What they need here are ----- photos of your potentiometer .... and the way you connected things.... photos, and a circuit diagram.

Also, maybe a good idea to have some spare arduino boards..... just in case the one you used became damaged. Maybe it's not damaged..... but ----- just in case.

RaceEngineer:
Yes haha but I didn't do this??! Please READ...

When typing.... please convey the full thing. That is, when you typed ---- 'I didn't do this'.....just type something like 'yes, I applied more than 5V to an analog pin of the arduino'...... or 'no, the input analog voltage never exceeded 5V'. Just need to be clear about what you're trying to say.

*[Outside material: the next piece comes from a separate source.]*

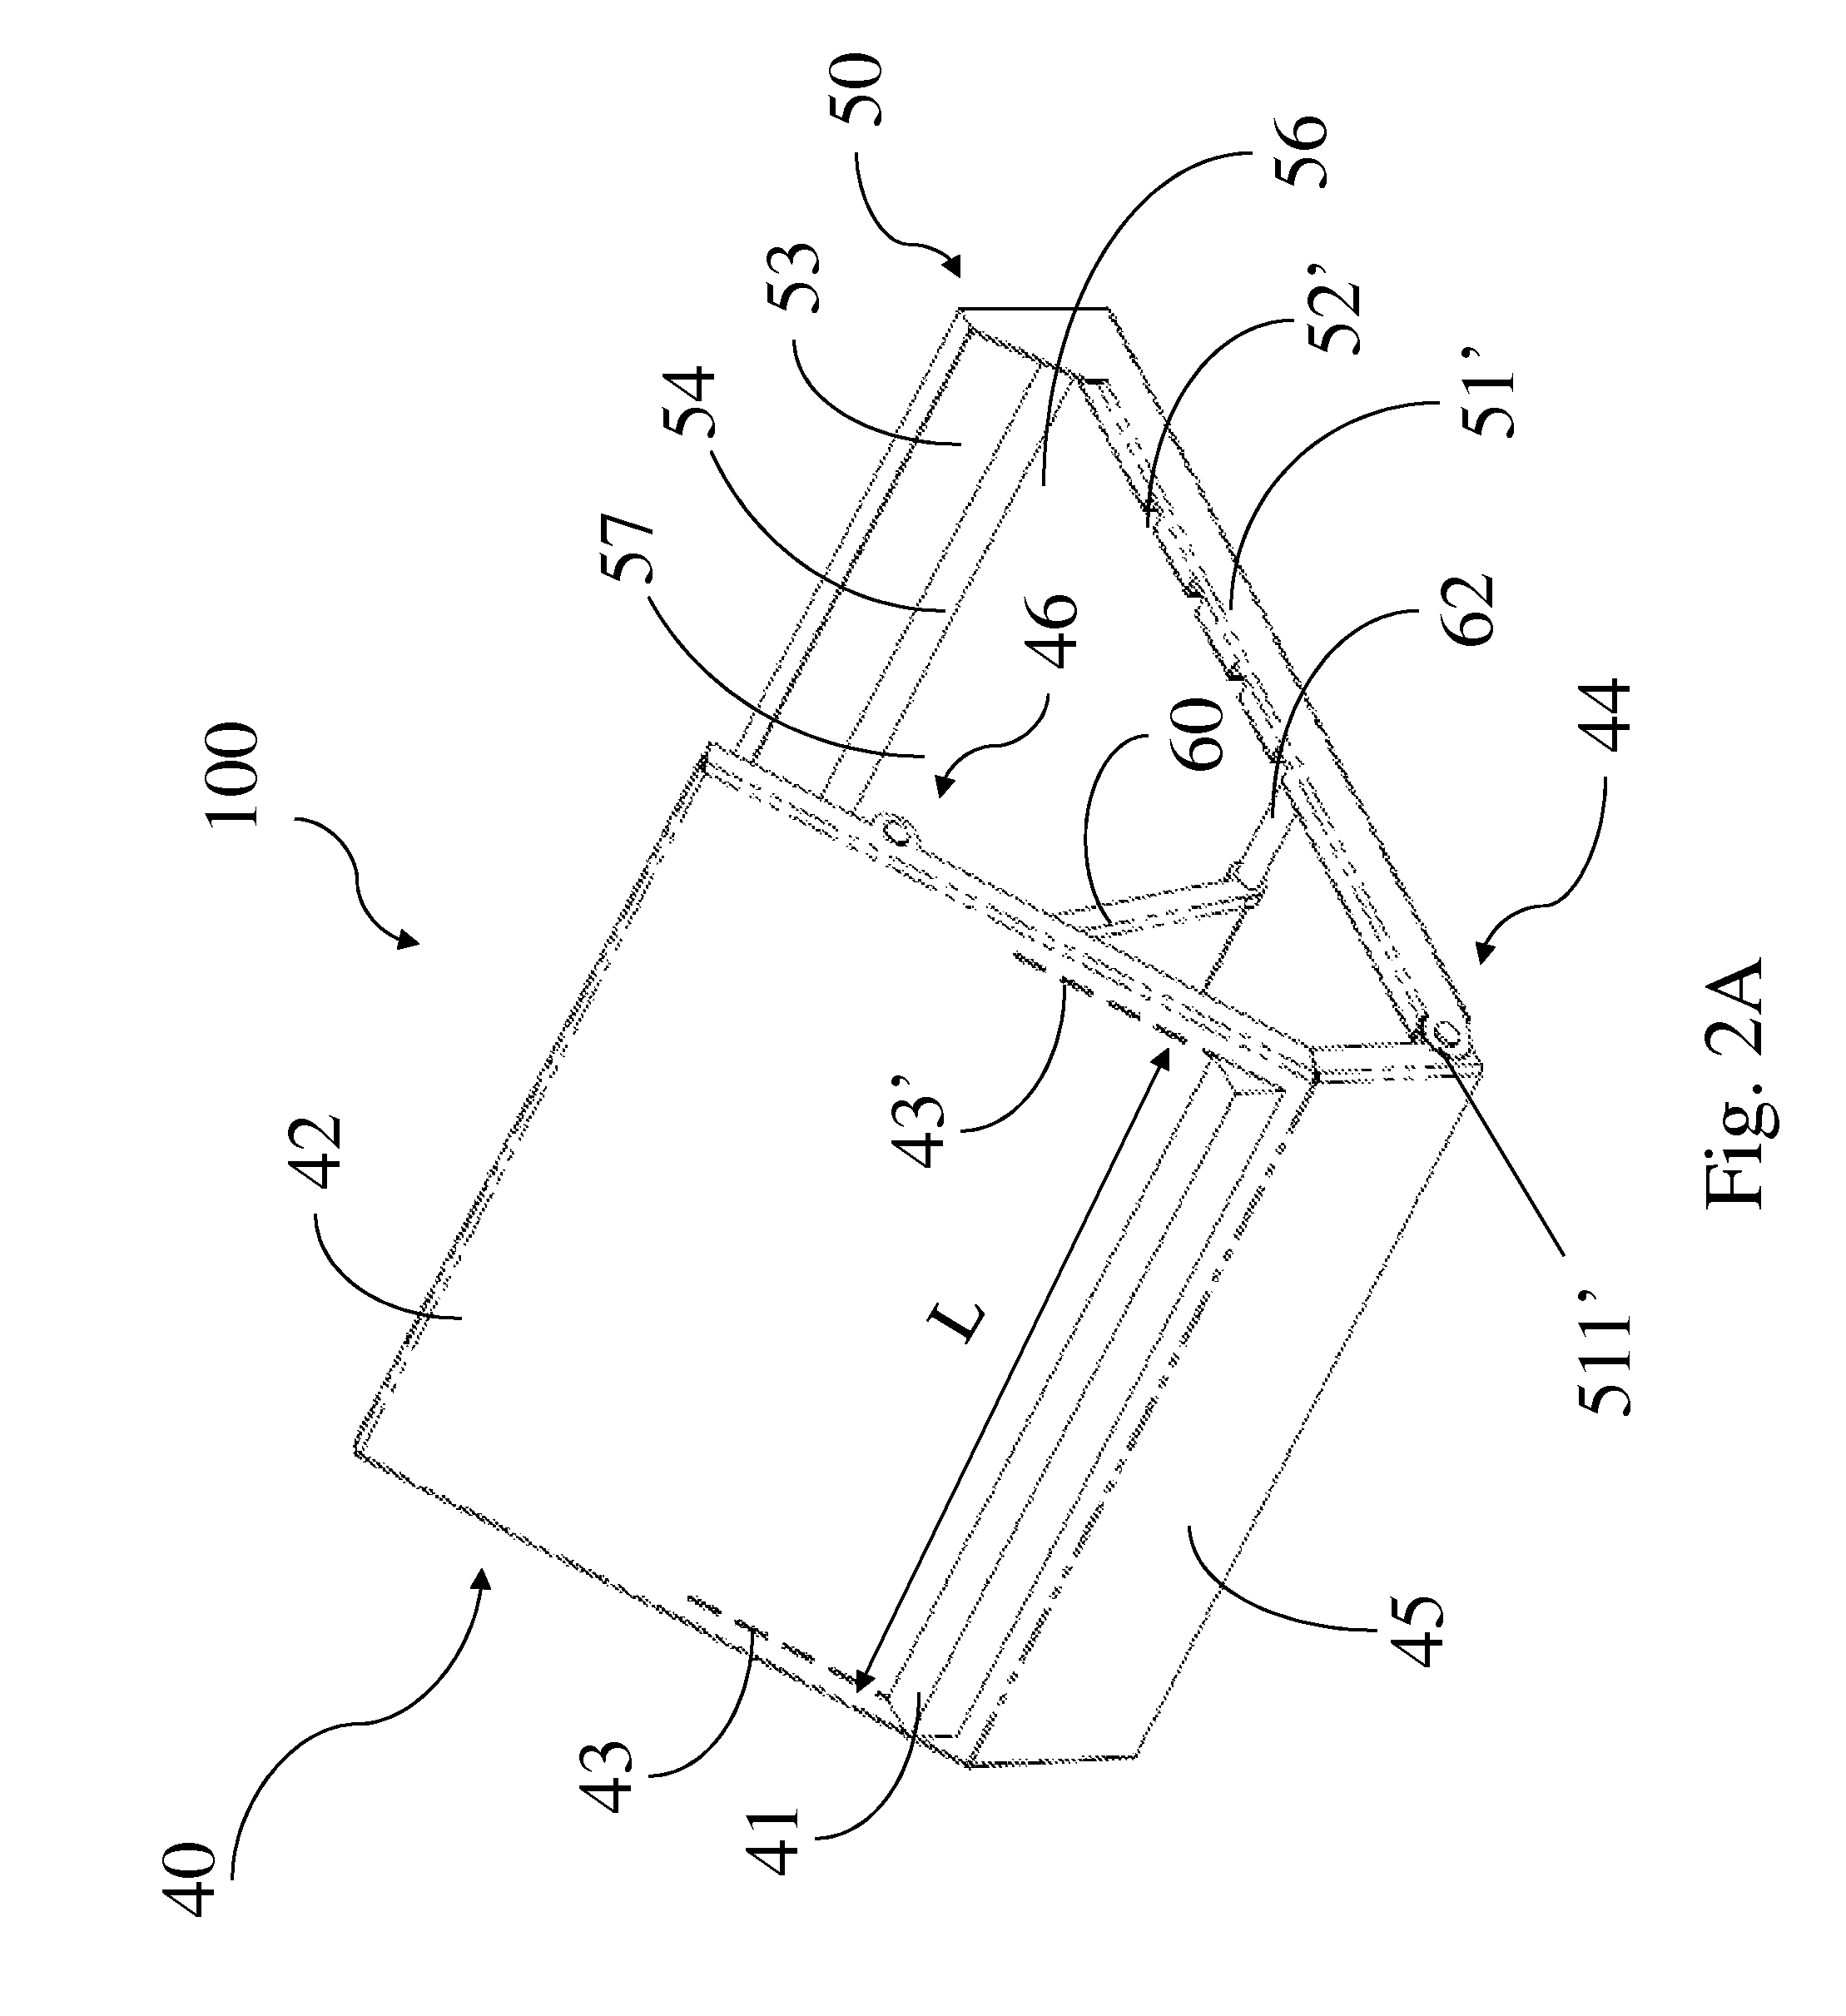 Leg exercise apparatus and method of conducting physical therapy using same

Anyway, if you have a circuit diagram, plus photos, and if you mention that you believe that you never exceeded 5V for an analog input, then that will be good.

Also.... to be clear....whenever mentioning 'measured the voltage'.... indicating how you measured it.... such as with multimeter.... or with arduino analog to digital conversion etc.

Hi,

Can you please post a copy of your circuit, in CAD or a picture of a hand drawn circuit in jpg, png?

A picture is worth a thousand misunderstood words..

Tom.. :slight_smile:

I conclude the OP has burned a spot on the resistance track in the pot. Gee, I have never done that!